Sin embargo existen casos, que unos llaman patológicos y otros sutiles, en los cuales esa grosera respuesta al desdén que es la ambición, toma formas insospechadas y apasionantes. Este hombre de quién hoy me place hablarles es uno de los escritores en que ese inicial impulso común a cualquier actividad y especialmente a la suya propia, se encuentra más graciosamente oculto. Se trata del ditirámbico artista del toreo metafísico, experto en caleidoscopios, José Bergamín.
Los que no le aman dicen de él que es conceptista, barroco, equívoco, retorcido y alambicado, entre otros adjetivos similares. Aunque deberían exclamar abiertamente la verdad de lo que alcanzan a ver en su obra: una serie de gratuitas locuras.
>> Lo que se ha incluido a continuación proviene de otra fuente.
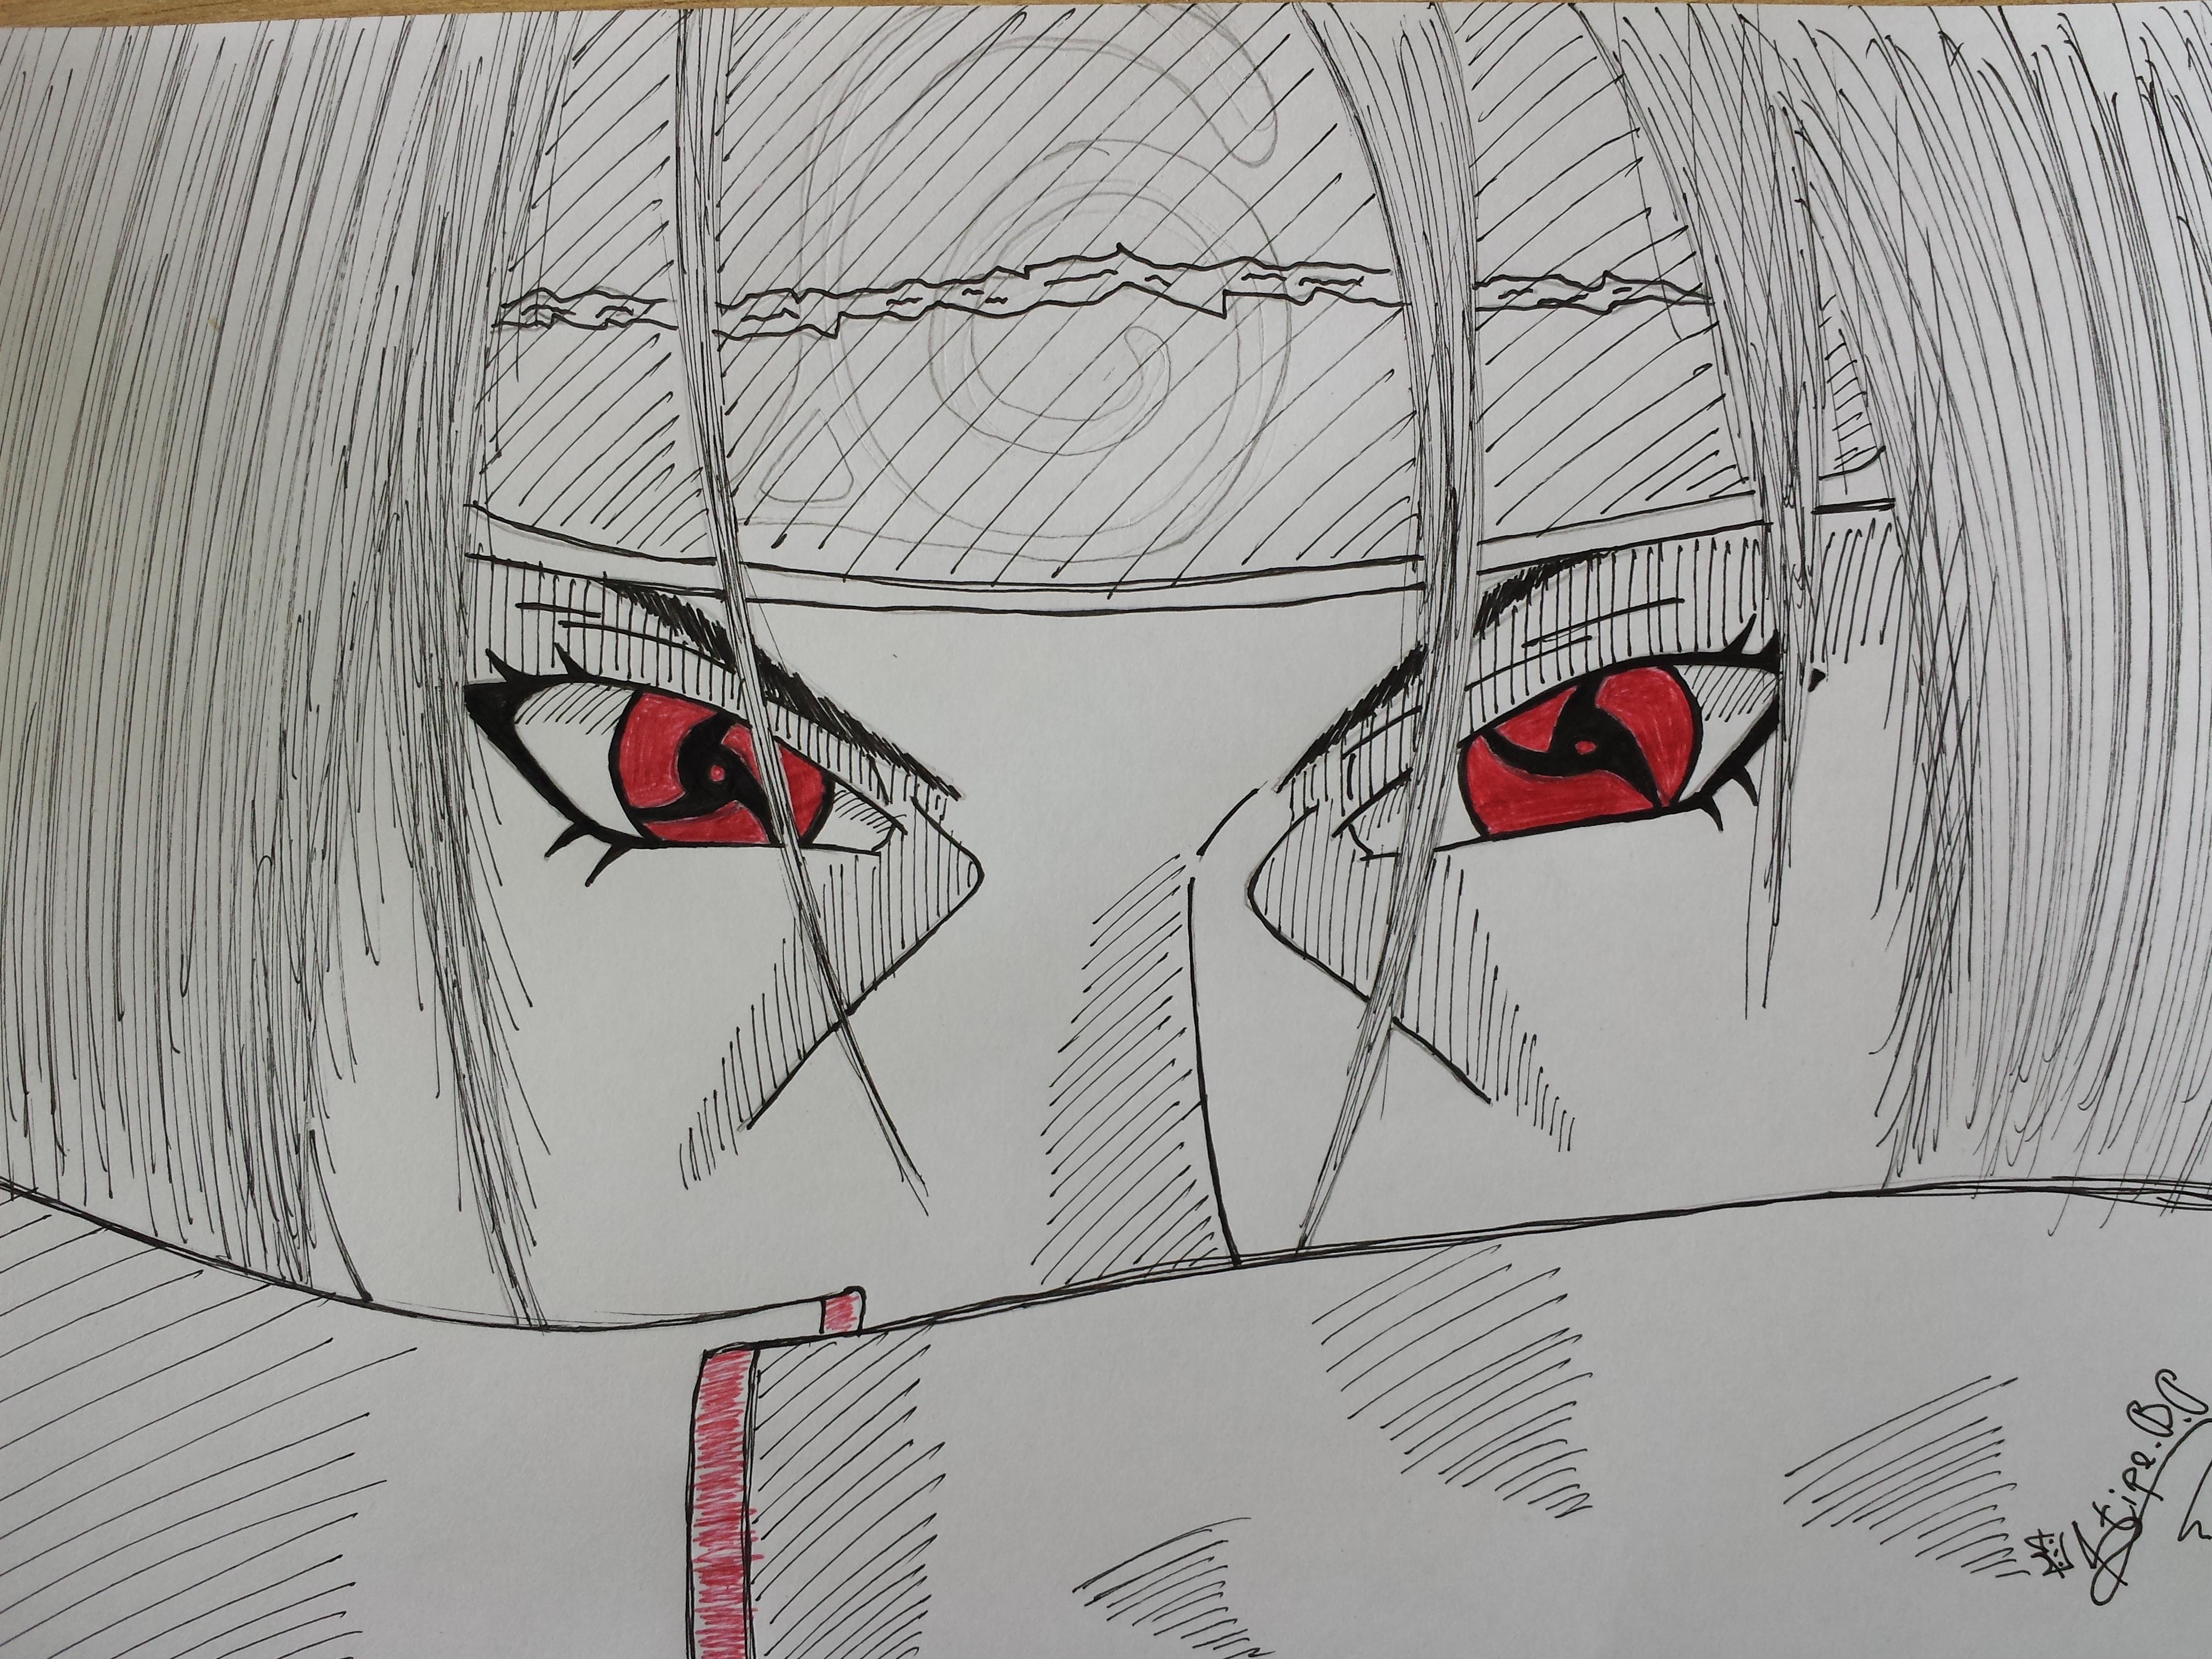 itachi uchiha mangekyou sharingan by stipe320

¿ Urgencia de expresar lo inefable? Para muchos, casi todos, escribir es, por contra, el ejercicio de una labor profesional que, a su vez, es posible gracias a unas cualidades favorables en el actor del ejercicio y de un interés de éste, del actor, en llevarlo a cabo. ¿Cómo pueden comprender así que detrás de cada palabra que estampa un texto del cristiano Bergamín hay algo más que una razón o varias razones, algo más que una reflexión o muchas reflexiones? ¿Pueden comprender que Bergamín escribe literalmente con sangre porque se juega por precepto la Vida Eterna al pensar? José Bergamín no puede negarse el riesgo, es más, puesto que su ser se debate en la fe y ésta le tiene que aparecer como verdadera, es en abismarse, en el hecho de aceptar las aventuras intelectuales, sean como sean, y mientras peor mejor, en lo que se ratifica, y en su esclarecimiento racional cifra su ventura. Mas no sin aventurarse primero, y aventurarse es abismarse. A mayor peligro pasado más acopio de fe presente.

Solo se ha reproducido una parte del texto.